1.3 Callback use notation and compatible types
A callback function taking a function pointer can be called using function pointers.
使用接受函数指针回调的函数相当简单:
Using a function that takes a function pointer callback is rather simple:
int a = 5;
int b = foobar(a, foo); // call foobar with pointer to foo as callback
// can also be
int b = foobar(a, &foo); // call foobar with pointer to foo as callback
1.4 示例
可以编写一个不依赖于回调如何工作的函数:
1.4 Example
A function ca be written that doesn't rely on how the callback works:
void tranform_every_int(int * v, unsigned n, int (*fp)(int))
{
for (unsigned i = 0; i < n; ++i)
{
v[i] = fp(v[i]);
}
}
可能回调的地方
int double_int(int x) { return 2*x; }
int square_int(int x) { return x*x; }
喜欢
int a[5] = {1, 2, 3, 4, 5};
tranform_every_int(&a[0], 5, double_int);
// now a == {2, 4, 6, 8, 10};
tranform_every_int(&a[0], 5, square_int);
// now a == {4, 16, 36, 64, 100};
2.指向成员函数的指针
指向成员函数的指针(属于C
类)是一种特殊类型的(甚至更复杂的)函数指针,它需要一个C
类型的对象来操作
2. Pointer to member function
A pointer to member function (of some class C
) is a special type of (and even more complex) function pointer which requires an object of type C
to operate on.
struct C
{
int y;
int foo(int x) const { return x+y; }
};
2.1 写指向成员函数/类型符号的指针
一个指向成员函数类型的指针对于某些类T
具有符号
// can have more or less parameters
return_type (T::*)(parameter_type_1, parameter_type_2, parameter_type_3)
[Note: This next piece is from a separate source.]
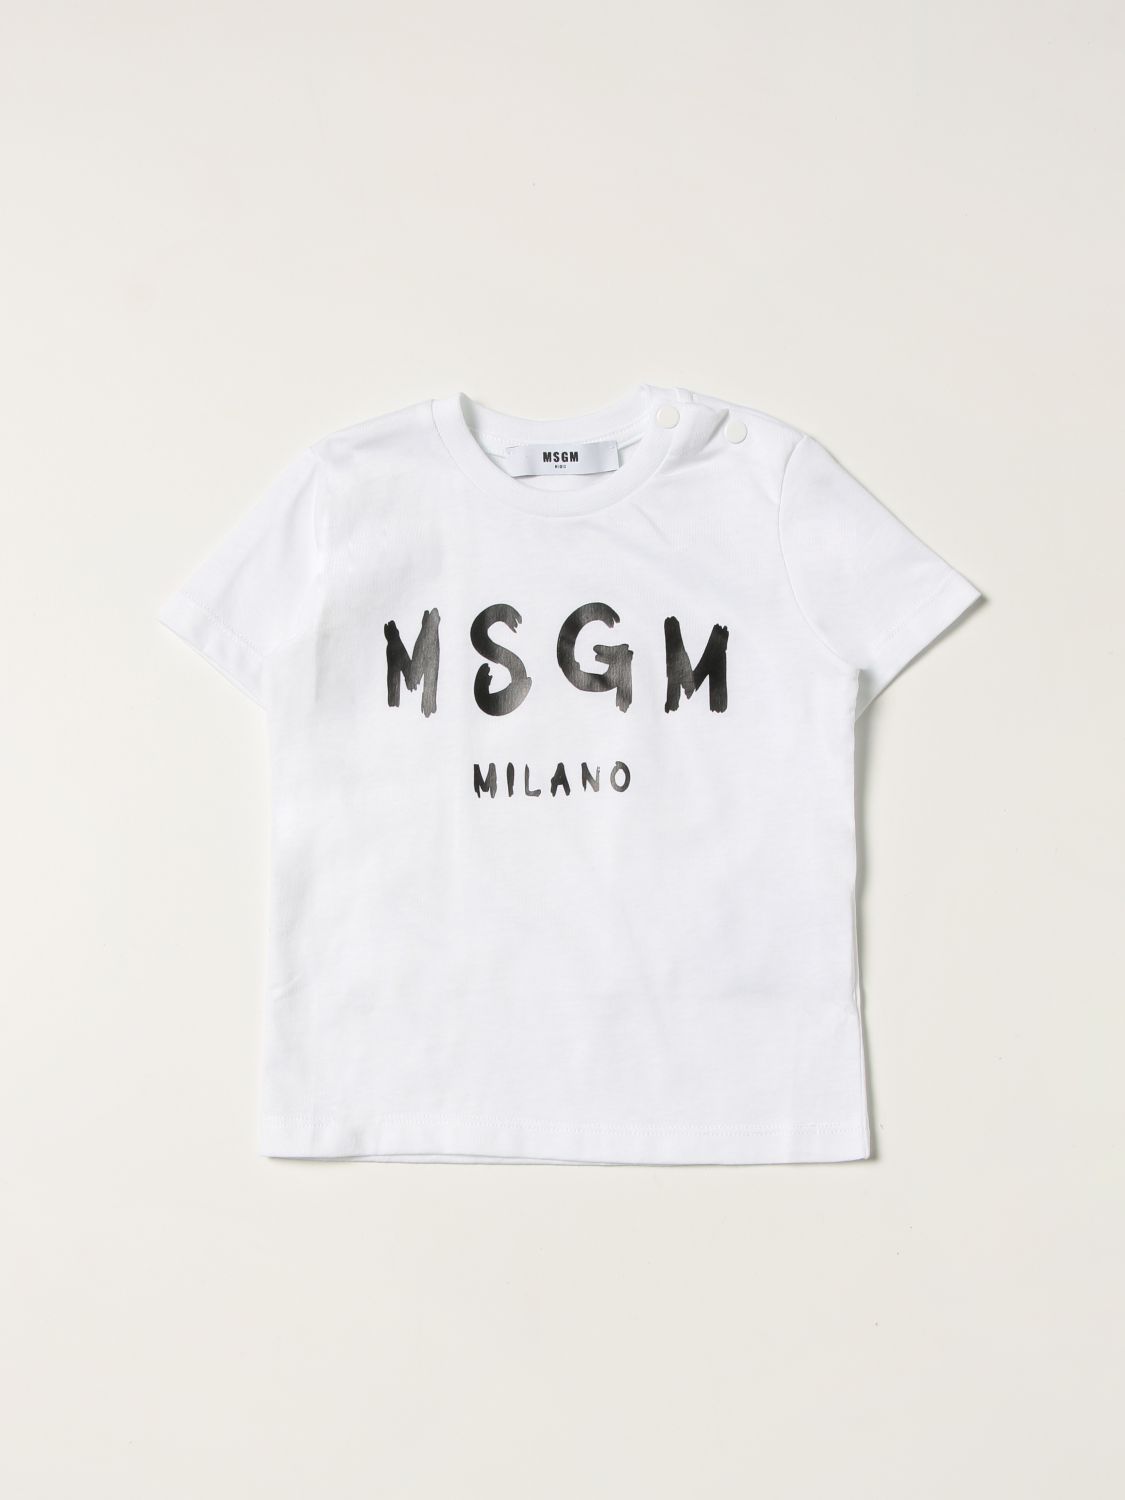 Msgm Kids Spring Summer 2022 new collection 2022 online on

// i.e. a pointer to C::foo has the type
int (C::*) (int)
其中成员函数的命名指针 - 类似于函数指针 - 看起来像这样:
where a named pointer to member function will -in analogy to the function pointer- look like this:
return_type (T::* name) (parameter_type_1, parameter_type_2, parameter_type_3)
// i.e. a type `f_C_int` representing a pointer to member function of `C`
// taking int returning int is:
typedef int (C::* f_C_int_t) (int x);
// The type of C_foo_p is a pointer to member function of C taking int returning int
// Its value is initialized by a pointer to foo of C
int (C::* C_foo_p)(int) = &C::foo;
// which can also be written using the typedef:
f_C_int_t C_foo_p = &C::foo;
示例:声明一个将指向成员函数回调的指针作为其参数之一的函数:
Example: Declaring a function taking a pointer to member function callback as one of its arguments:
// C_foobar having an argument named moo of type pointer to member function of C
// where the callback returns int taking int as its argument
// also needs an object of type c
int C_foobar (int x, C const &c, int (C::*moo)(int));
// can equivalently declared using the typedef above:
int C_foobar (int x, C const &c, f_C_int_t moo);
2.2 回调调用符号
C
的成员函数的指针可以通过对解除引用的指针使用成员访问操作来调用 C
类型的对象.注意:需要括号!
2.2 Callback call notation
The pointer to member function of C
can be invoked, with respect to an object of type C
by using member access operations on the dereferenced pointer.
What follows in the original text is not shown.